ただし、対象外になる費用もあるため詳しくは下記で紹介します。医療費控除の確定申告期間に申請する必要があるため、各種領収書は必ず保管しておきましょう。
申請から還付金を受け取るまでの手順は下記を参考にしてください。
- 使った医療費の内容が対象になるか確認し合算をする
- 決まった式にあてはめて計算
- 所定の様式に必要事項を記入またはe-TAXで作成
- 紙ベースで作成した場合は税務署に郵送または窓口に持参。インターネットで作成した場合は画面の指示に従って提出
- 還付金の受け取り
医療費控除で税金が戻ってくる場合
医療費控除の手続きをすると必ず税金が戻ってくるわけではなく、場合によっては税金が戻ってこないこともあります。まず、医療費の年間合計が10万円を超える場合か、所得金額200万円未満の方は総所得から5%を超えると申請が可能です。
医療費控除の金額は下記計算式で求めることできます。
実際に支払った医療費の合計額-補填金-10万円
計算式にある「補填金」は、生命保険に加入している方が対象の入院給付金や、健康保険から支給される出産育児一時金や高額療養費などが該当します。補填金がないときは計算から除外します。

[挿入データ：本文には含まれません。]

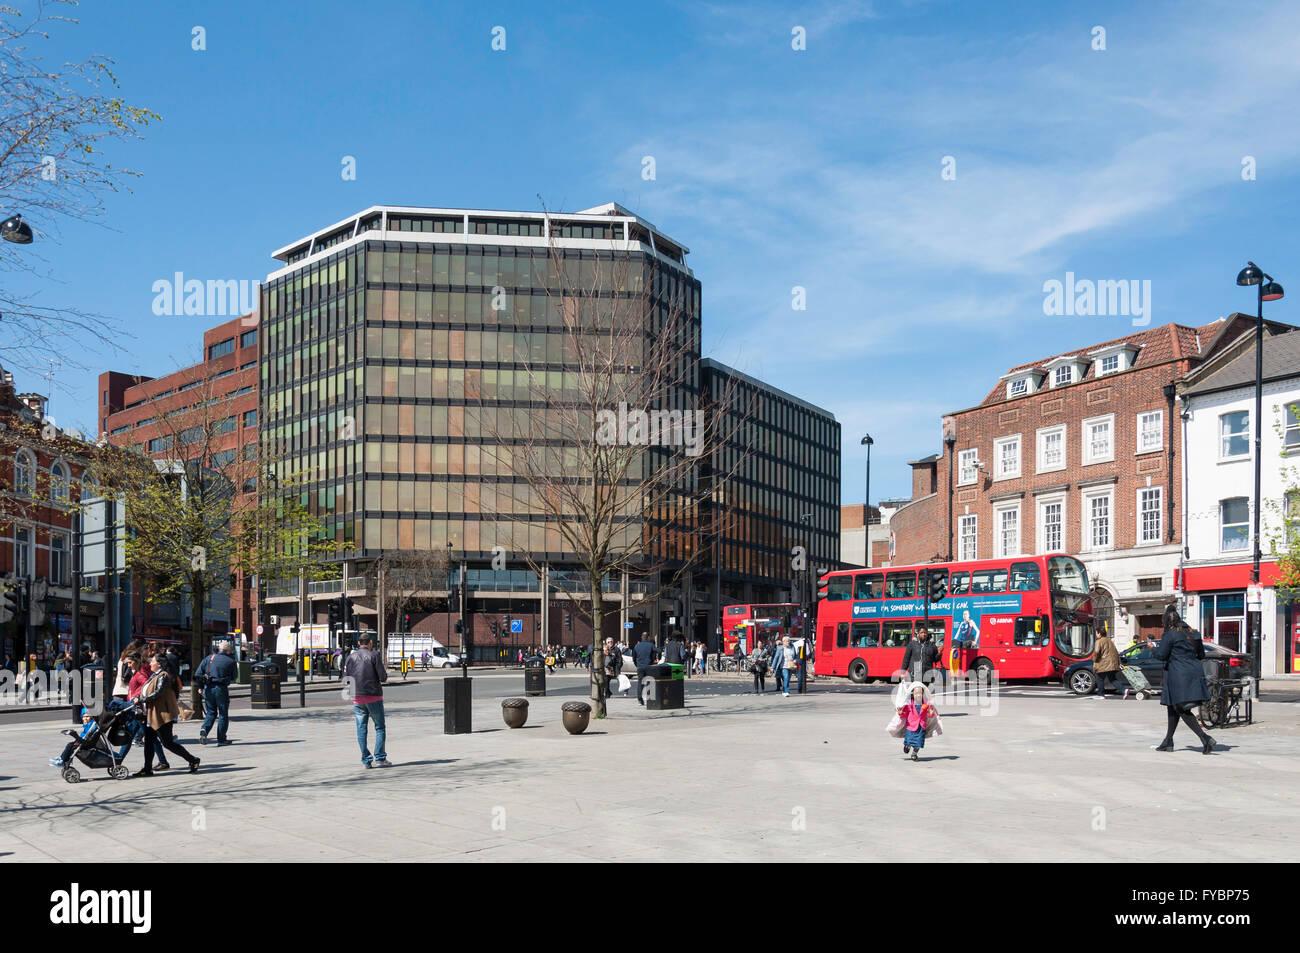 High Road, Wood Green, London Borough of Haringey, Greater London, England, United Kingdom - Stock Image

この計算式は「同じ年の総所得金額などが200万円以上の方」が対象で、医療費控除の上限は200万円です。もし、同じ年の総所得金額などが200万円未満であれば「10万円」の部分を「総所得×5%」で計算します。
流れは以下の図を参考にしてください。
申請方法は?
医療費控除を受けるためには必要な手続きをしなければいけません。
申請期間
毎年2月16日から3月15日の1か月間
※土日・祝日なら翌営業日が所定日に該当
【申請方法】
- e-TAX(電子申告)
- 自宅のインターネットから申告可能です。各種証明書の提出を省略でき、24時間いつでも提出できます。
- 税務署を利用
- 自宅近くの税務署を利用する方法が一般的です。手続きが分からない方は窓口で教えてもらいながら申告できます。ただし、申告に必要な領収書や源泉徴収票などを忘れずに持参しましょう。また、来所するタイミングで窓口が混むこともあるため、時間にゆとりを持って税務署に向かいましょう。
- 郵送
- e-TAXで申告書類を作成後、郵送で提出することもできます。郵送するときの注意事項として確定申告の書類は「信書」に該当するため、「信書便物」または「第一種郵便物」で郵送しましょう。
必要な書類
医療費控除のみ申請する場合は、以下の書類を準備しましょう。
- 確定申告書
- 医療費控除の明細書
- 本人確認書類(マイナンバーカードや運転免許証など)
- 源泉徴収票
- 医療費の領収書※平成28年分までは提出が必要ですが、平成29年分からは提出が不要です。
それぞれ必要書類の入手方法は下記を参考にしてください。また、源泉徴収票は時期になると勤務先から配布され、本人確認書類は手元にある書類を使いましょう
種類 | 方法 |
確定申告書 | ・税務署に取りに行くまたは取り寄せる ・国税庁のホームページからダウンロード ・国税庁のホームページにある「確定申告 など」の作成コーナーで作成 |
医療費控除の明細書 | ・税務署に取りに行くまたは取り寄せる ・国税庁のホームページからダウンロード ・国税庁のホームページにある「確定申告 など」の作成コーナーで作成 |
源泉徴収票 | 定勤務先から配布される |
申請手順
手順は使う方法次第で異なります。そのため、窓口や国税庁のホームページなどで確認をしながら行いましょう。窓口では記入方法を教えてくれるため、申請手順で困ったことがあれば窓口で相談するとスムーズです。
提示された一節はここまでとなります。